Anything that slips through? That's what Windows Defender and Malwarebytes are for. But the objective is to block off the main routes of entry to your computer first. Thus, instead of an anti-virus software being the primary defense, they are a secondary defense. That's why I can run it as a scheduled task, rather than having it active in the background.
Obviously a setup like the above won't stop you picking up viruses off of Pirate Bay, or from a torrent, or from a virus laden USB drive, or if you connect your laptop to random wifi hotspots. If those situations happen to you, then you've got to get an active anti-virus program.
I understand they are two different.......features?... of browsers; I just don't know how they work together.
The hosts file is a part of the operating system that tells windows how to handle specific connections. In this specific case, it's telling windows to disallow any communication with a list of addresses known to be related to malware.
DNS is the system that finds web pages for you when you attempt to navigate to a URL. DNS works a lot like a glorified phonebook, you put in a name (like www.google.com), and it gives you an address (an IP address, specifically) that your computer actually uses to establish contact. There are a number of central DNS servers worldwide, that maintain the DNS registrar, those servers have to service a lot of traffic, and so to reduce their load your ISP probably mirrors one of them and the default dns settings for your network are probably set to your ISP's DNS server. The drawback of the current system is that it would be pretty trivial for your ISP to censor the internet by blacklisting dns entries. In order to help reduce DNS load further, and to resist possible censorship, google maintains their own DNS servers that they make available for public use. Given that they are provided by google, their responsiveness is pretty high, and requests to their servers likely resolve faster than ones to your ISP.
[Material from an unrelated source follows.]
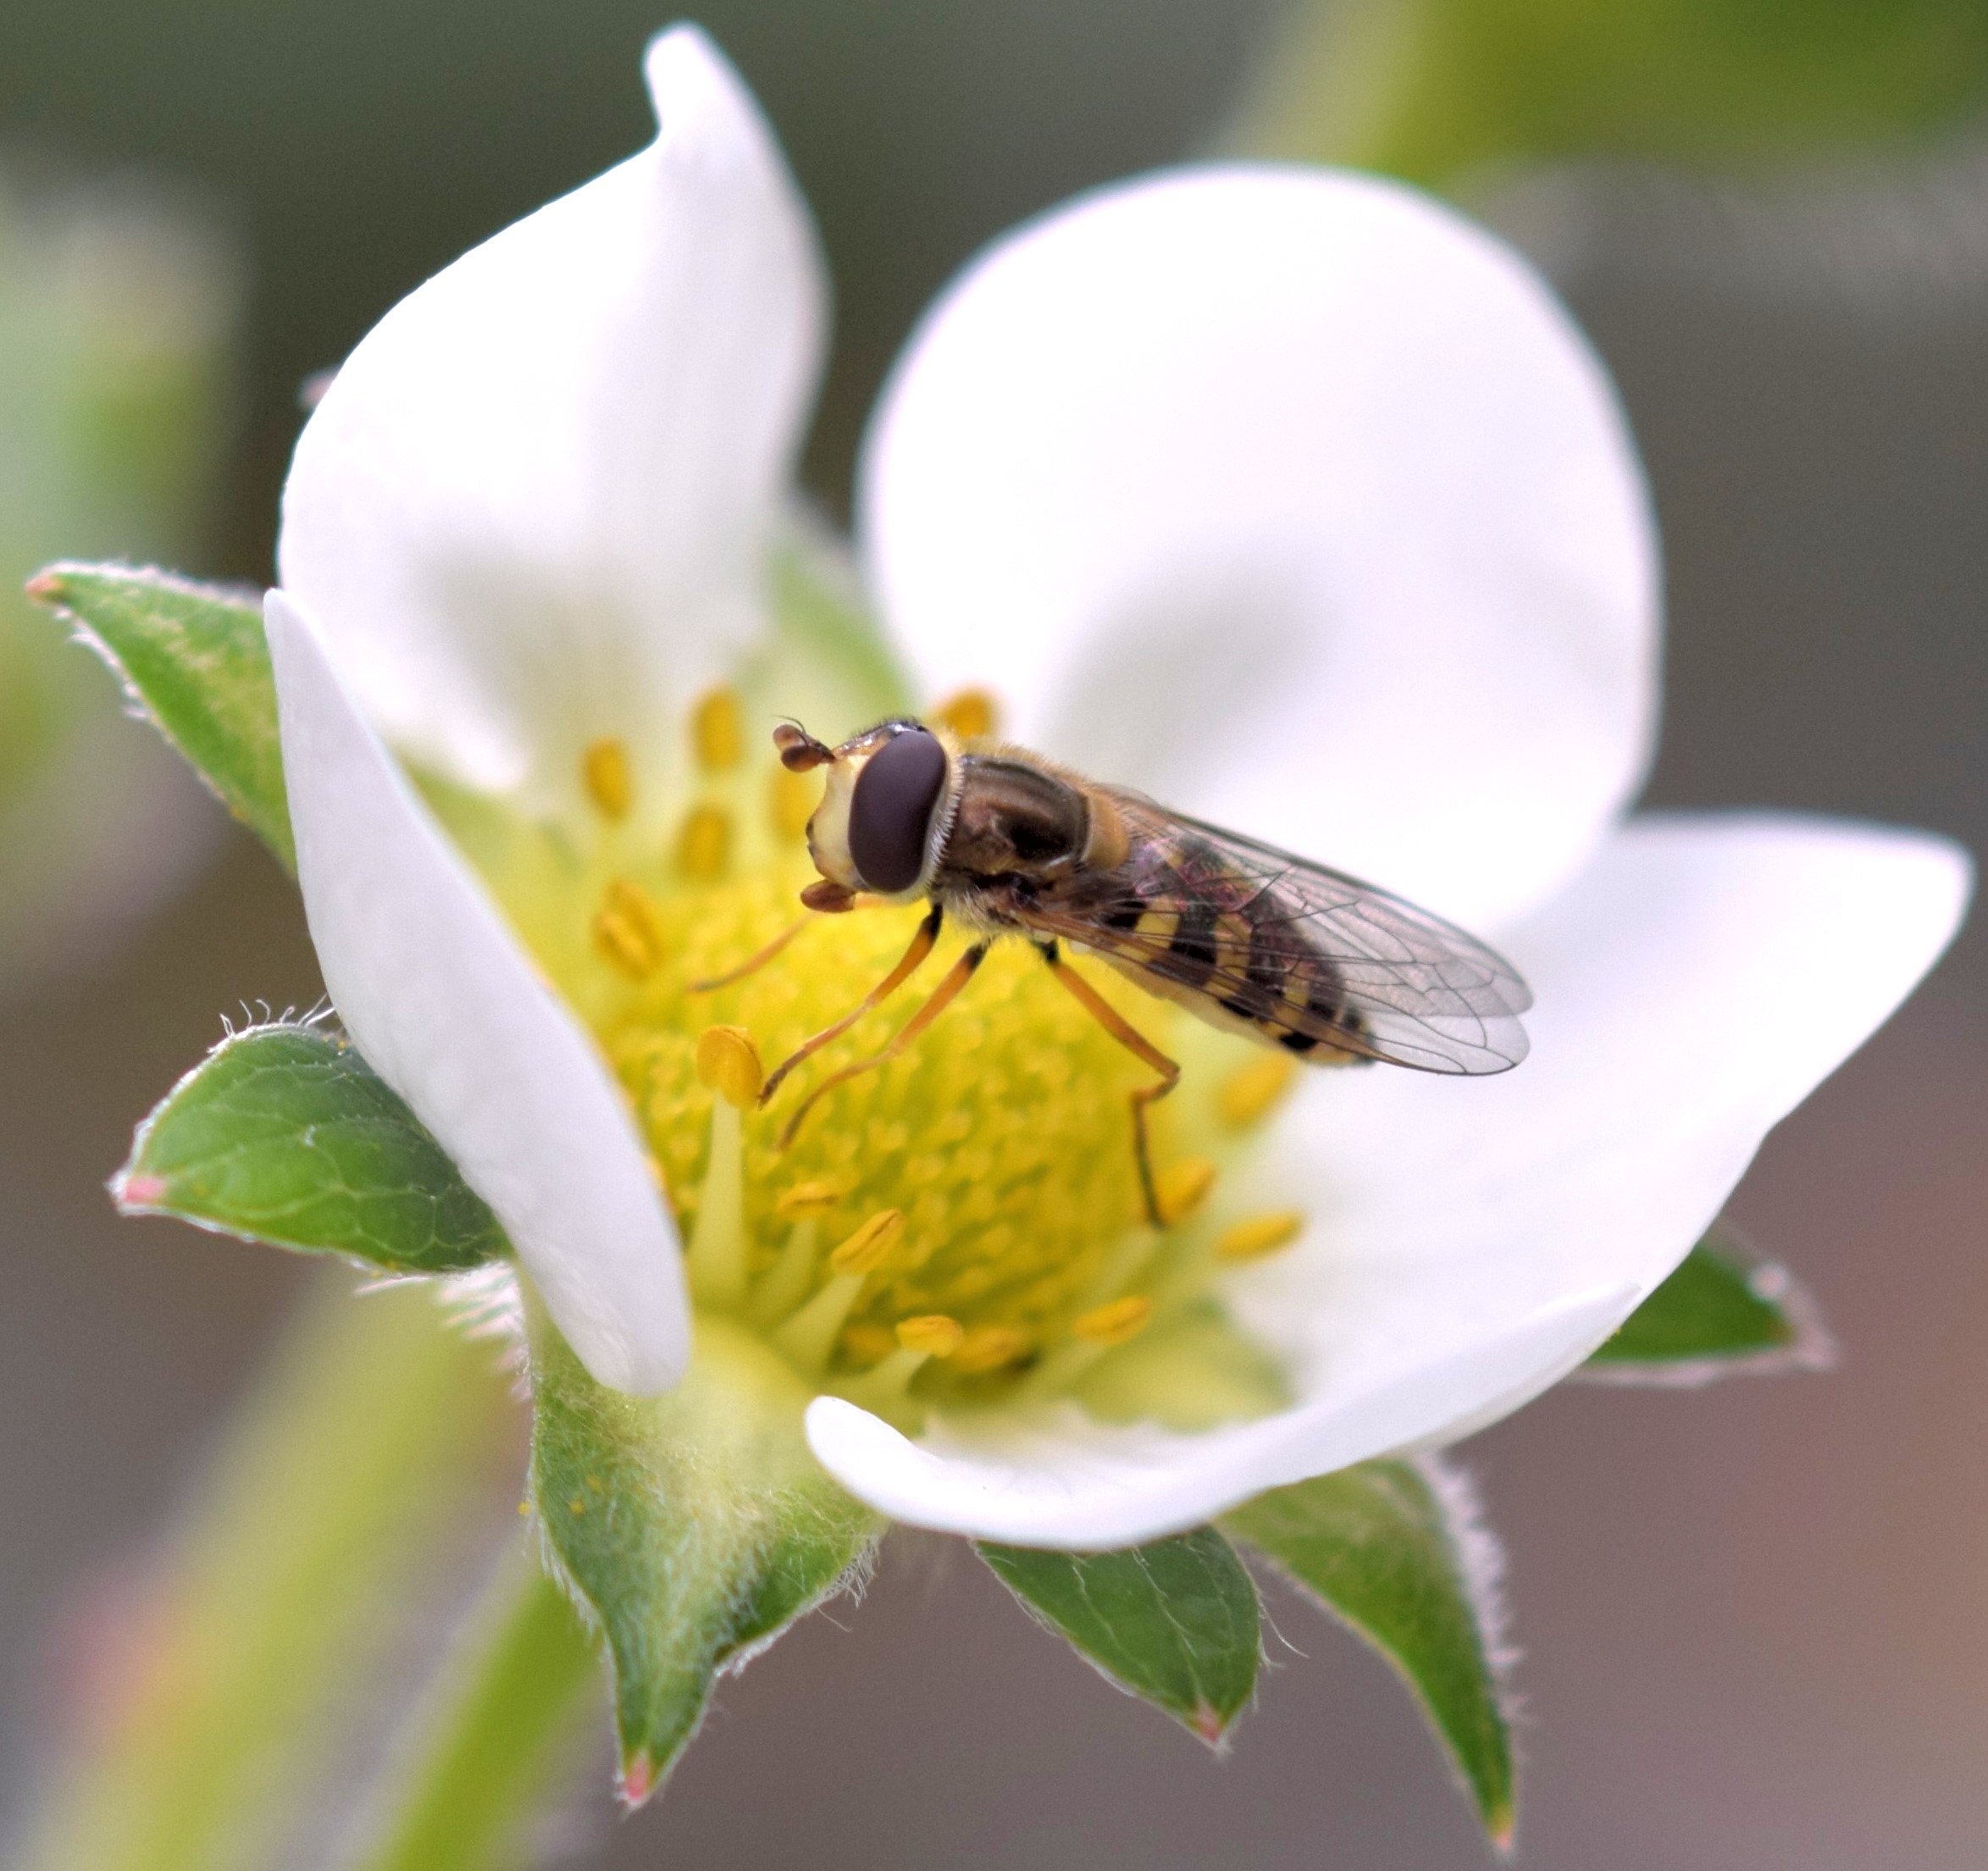 An aphid-eating hoverfly visiting a strawberry flower

There's absolutely nothing wrong with Avast. I have it installed on dozens of computers -- including computers that have no justification for their continued existence -- and it runs just fine. It's non-intrusive, efficient, and free.
The problems started then, with Avast freaking out when I tried to install Office 2007 from the discs, and only got worse to the point where my new computer was crashing all the time.
One format and reinstall (minus Avast) later, and I had no more problems like that ever again.
You might have been lucky, but you are one of a very few people I have ever talked about antivirus software with that haven't had horror stories regarding Avast.
I have a work around where I pause my downloads if I need to open media. This doesn't solve my youtube troubles.
Back to waiting for Avast's hacked forums to load back up.
Definitely what you want to see from your Antivirus company...
One instance does not a reputable dataset make.
It sounds like it's more an issue with your computer and/or browser than it is with Avast.
At the risk of sounding like an Avast fanboy in this thread, your comment was highly disingenuous.
Avast is a maker of antivirus software; not of web-based forum software. It'd be like saying Mike and Jerry are shitty webcomic guys if Vanilla got hacked.
This was a fresh installation on a fresh drive after many years of Avast on XP, so my issue, whose solution is buried in the avast forums, has to do with windows 7.
The program isn't perfect, but it isn't running well on my system.
Trying other avenues of research but eh....
edit: After a great deal of diving and research, I learned that I had to turn off Webshield.ini which is in
C:\ProgramData\AVAST Software\Avast
and then add the lines
[General]
UseStreamFilter=0
to the ini after using Notepad to open the ini in administrator mod and add the line.
I think it worked, but I'm still downing CPU cycles likes nobody's business.